3- La définition étatique d’un groupe de défense collective des droits, qui découle de la politique d’action communautaire, exige que la prépondérance de ses activités soit de nature «politique non-partisane». Voir la documentation ci-jointe. Par contre, la même politique exige que les groupes fassent un effort afin de diversifier leur financement. Dans l’Outaouais, une source majeure de cette diversification serait Centraide-Outaouais, laquelle est présentement fermée aux groupes de défense collective parce qu’ils n’ont pas, et ne peuvent pas obtenir, un numéro de charité. Pourquoi? Parce que, pour obtenir un numéro de charité, l’Agence de Revenu Canada exige que pas plus de 10% de l’action du groupe soit de nature «politique».

Que propose votre parti politique pour régler cet imbroglio touchant le financement d’un groupe dont d’une part, le gouvernement du Québec exige que plus de 50% de ces activités soit de nature «politique non-partisane» et que, d’autre part, le Gouvernement du Canada refuse de reconnaître parce que plus de 10% de ces activités sont justement de nature «politique» ?

Réponse de Québec solidaire-Hull

Pour corriger cette situation Québec solidaire propose un financement public qui assure aux groupes de défense collective des droits un fonctionnement de base raisonnable et qui leur garantit une pleine marge de manœuvre critique par rapport à l’État. Dans ce contexte les groupes pourront toujours diversifier leurs sources de financement et ainsi augmenter leur budget, mais il n’y aura plus de dépendance structurelle à la charité pour assurer leur fonctionnement de base.

Un centre collégial de transfert de technologie dans l’Outaouais

Vendredi 28 novembre 2008

Bill Clennett, candidat de Québec solidaire dans Hull, propose la réalisation d’un centre collégial de transfert de technologie (CCTT) au Cégep de l’Outaouais. Les CCTT qui sont prévus par la Loi sur les collèges d’enseignement général et professionnel offrent des services de recherche et développement, du soutien technique et de la formation aux entreprises et aux organismes du milieu.

Les premiers CCTT ont vu le jour il y a 25 ans et aujourd’hui il y en a 40 dans 30 cégeps répartis dans presque toutes les régions du Québec. L’Outaouais est une des rares régions où il n’existe pas de centre collégial de transfert de technologie. C’est avec l’intention de corriger cette situation que le candidat de Québec solidaire dans Hull amène la présente proposition.

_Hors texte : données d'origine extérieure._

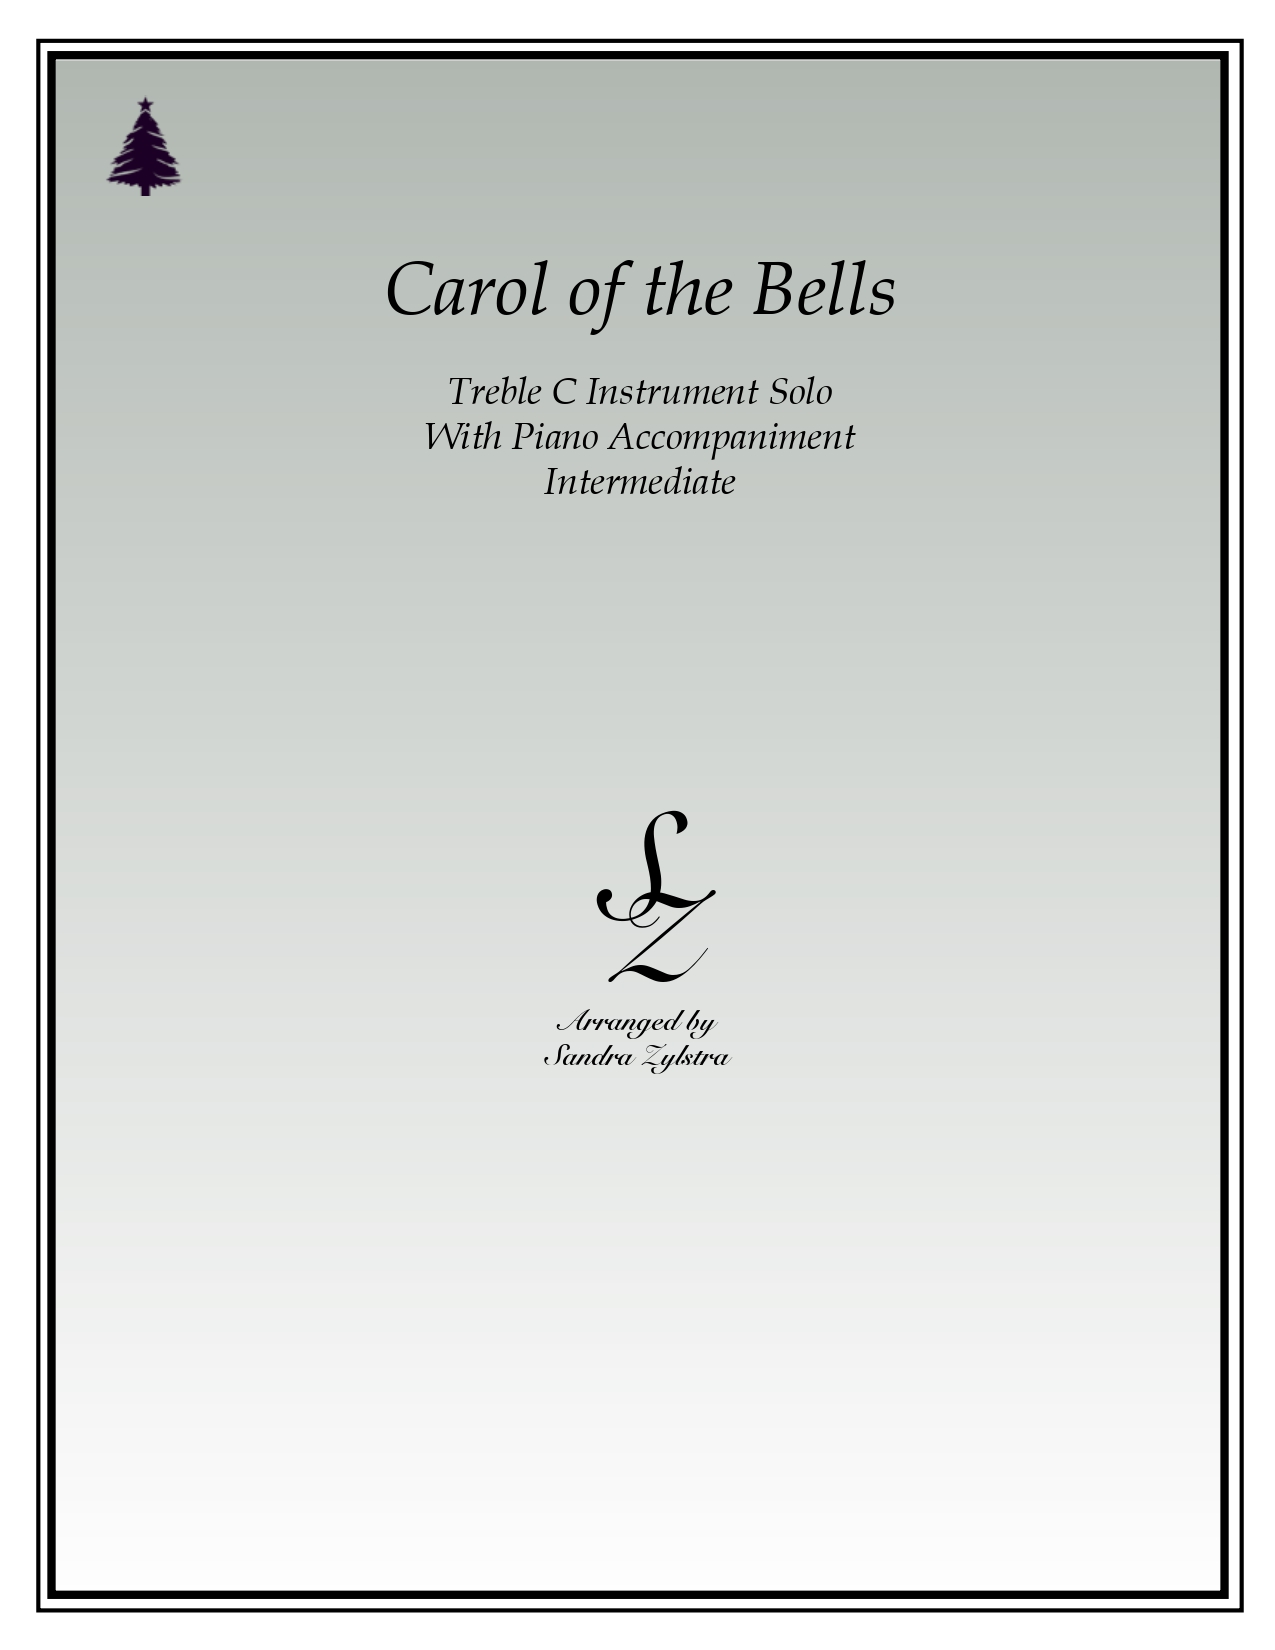 Carol Of The Bells treble C instrument solo part cover page 00011

Cette année un nouveau volet a été ajouté aux demandes de reconnaissance à titre de CCTT avec l’inclusion de projets touchant des pratiques sociales novatrices. Selon Bill Clennett, la réalisation d’un CCTT axé sur la technologie ou sur les pratiques sociales novatrices serait bénéfique pour le développement et le rayonnement du Cégep de l’Outaouais. Il serait également un outil supplémentaire en matière de développement régional.

À titre indicatif, un projet pourrait être élaboré sur les pratiques novatrices en matière de services de garde. Non seulement il existe une telle expertise au Cégep de l’Outaouais de par la présence d’un programme de Techniques d’éducation à l’enfance mais de plus il y a beaucoup de jeunes ménages dans notre région qui profiterait d’un tel CCTT.

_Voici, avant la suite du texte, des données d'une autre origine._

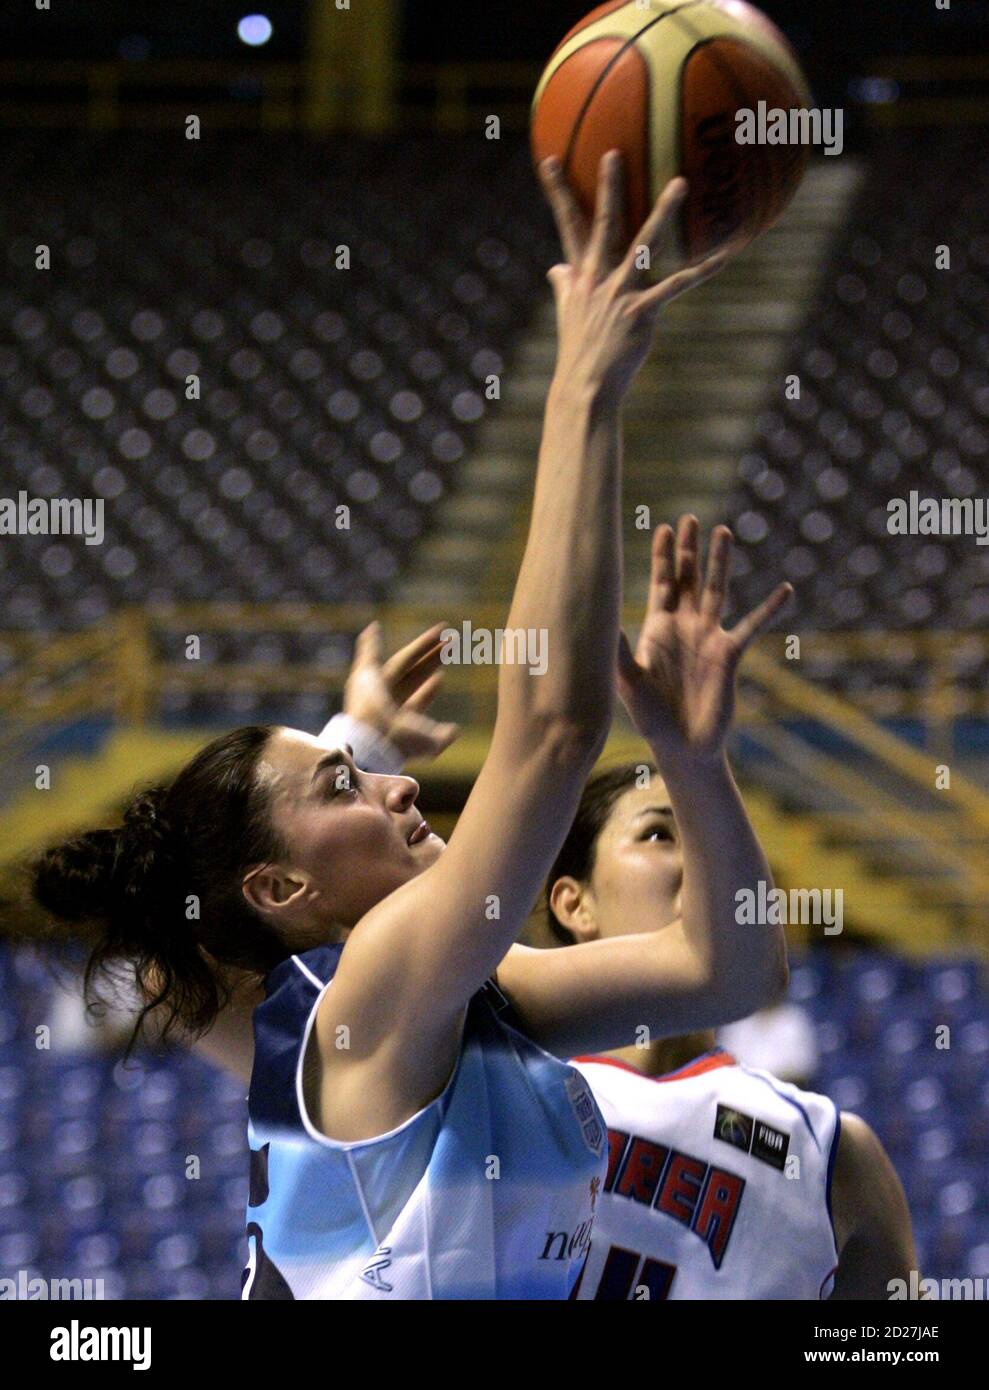 South Korea's Kwe Ryong Kim (R) tries to stop Argentina's Gisela Vega during their women's World Championship basketball game in Sao Paulo September 14, 2006. REUTERS/Paulo Whitaker (BRAZIL) Stock Photo

Bill Clennett estime qu’il serait également possible de présenter une demande de reconnaissance pour un CCTT axé sur l’efficacité énergétique. Québec solidaire propose de transformer le parc immobilier du Québec pour réduire notre consommation d’énergie et notre production de gaz à effet de serre. Mais la mise en place d’un tel chantier environnemental requiert le développement et le transfert de technologies nouvelles. Justement au Cégep de l’Outaouais, il existe deux programmes pertinents, soit Techniques de mécanique du bâtiment et Techniques de génie civil.

L’Outaouais souffre d’un sous-développement et d’une dépendance envers Ottawa pour les services publics en matière de santé de d’éducation postsecondaire. La proposition de Bill Clennett pour la réalisation d’un centre collégial de transfert de technologie représente une solution supplémentaire à ce problème reconnu.